The Building Blocks of Interpretability

Exploring how feature visualization can combine together with other interpretability techniques to understand aspects of how networks make decisions.

The Building Blocks of Interpretability
Image: Google Research

Earlier in 2015, Google researchers wanted images led to psychedelic images. They thus created code as DeepDream and it grew into a small art movement producing all sorts of amazing things. Continuing with an original line of research behind DeepDream, they also trying to address one of the most exciting questions in Deep Learning: how do neural networks do what they do?

Researchers have reported about their demonstration in journal Distill, on how those same techniques could show what individual neurons in a network do, rather than just what is “interesting to the network” as in DeepDream. This enabled them to perceive how neurons amidst the system are locators for a wide range of things — catches, patches of fabric, structures — and perceive how that development to be increasingly complex over the layers of the system.

The Building Blocks of Interpretability
Image: Google Research

Now, they have explored how include perception can consolidate together with other interpretability systems to comprehend parts of how arranges to decide. Through this, they demonstrate that these mixes can enable us to kind of “remain amidst a neural system” and see a portion of the choices being made by then, and how they impact the last yield.

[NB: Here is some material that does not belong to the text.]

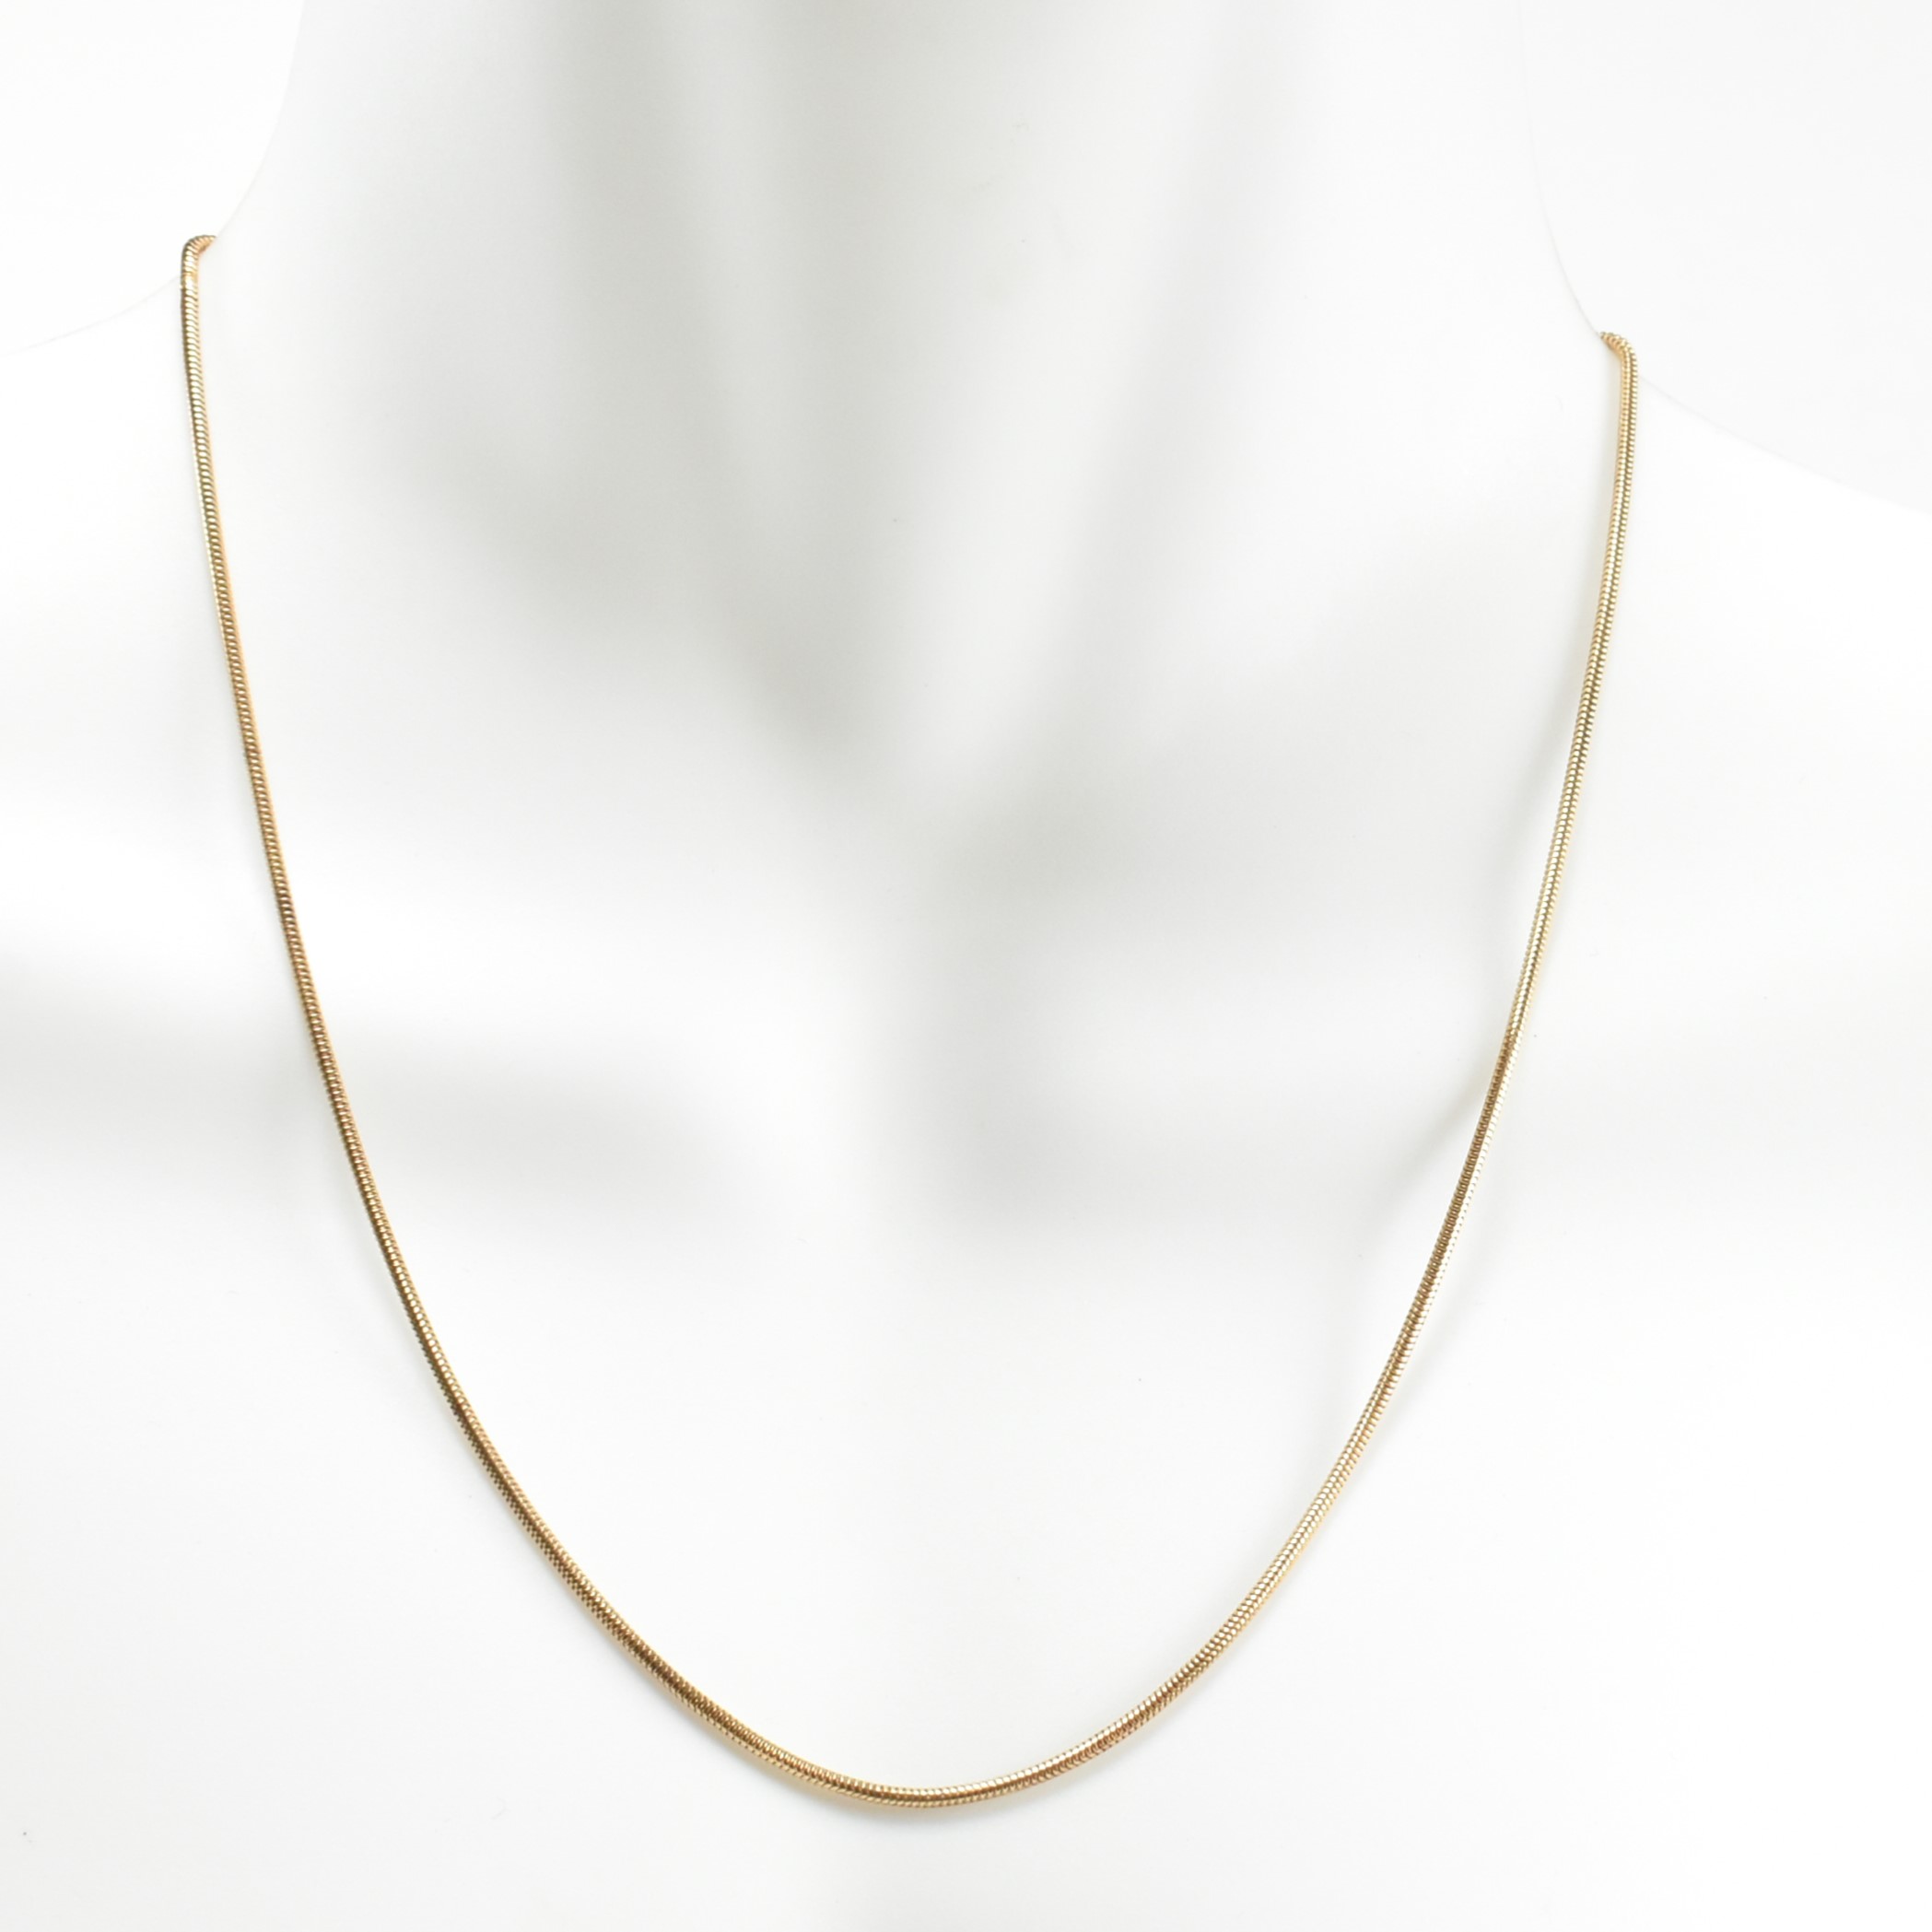 HALLMARKED 9CT GOLD SNAKE CHAIN NECKLACE - Image 4 of 4

They additionally explored techniques for understanding which neurons fire in the network. The techniques make things more meaningful to humans by attaching visualizations to each neuron, so we can see things like “the floppy ear detector fired”. It’s almost a kind of MRI for neural networks.

Visualizations of neurons in GoogLeNet. Neurons in higher layers represent higher level ideas.
Visualizations of neurons in GoogLeNet. Neurons in higher layers represent higher level ideas.

During experiments, they trailed the techniques on an image. They zoom out and show how the entire image was “perceived” at different layers. This allows them to really see the transition from the network detecting very simple combinations of edges, to rich textures and 3d structure, to high-level structures like ears, snouts, heads, and legs.

These bits of knowledge are energizing independent from anyone else, yet they turn out to be significant all the more energizing when we can relate them to an official choice the system makes. So not exclusively would we be able to see that the system identified a floppy ear, yet we can likewise perceive how that builds the likelihood of the picture being a labrador retriever.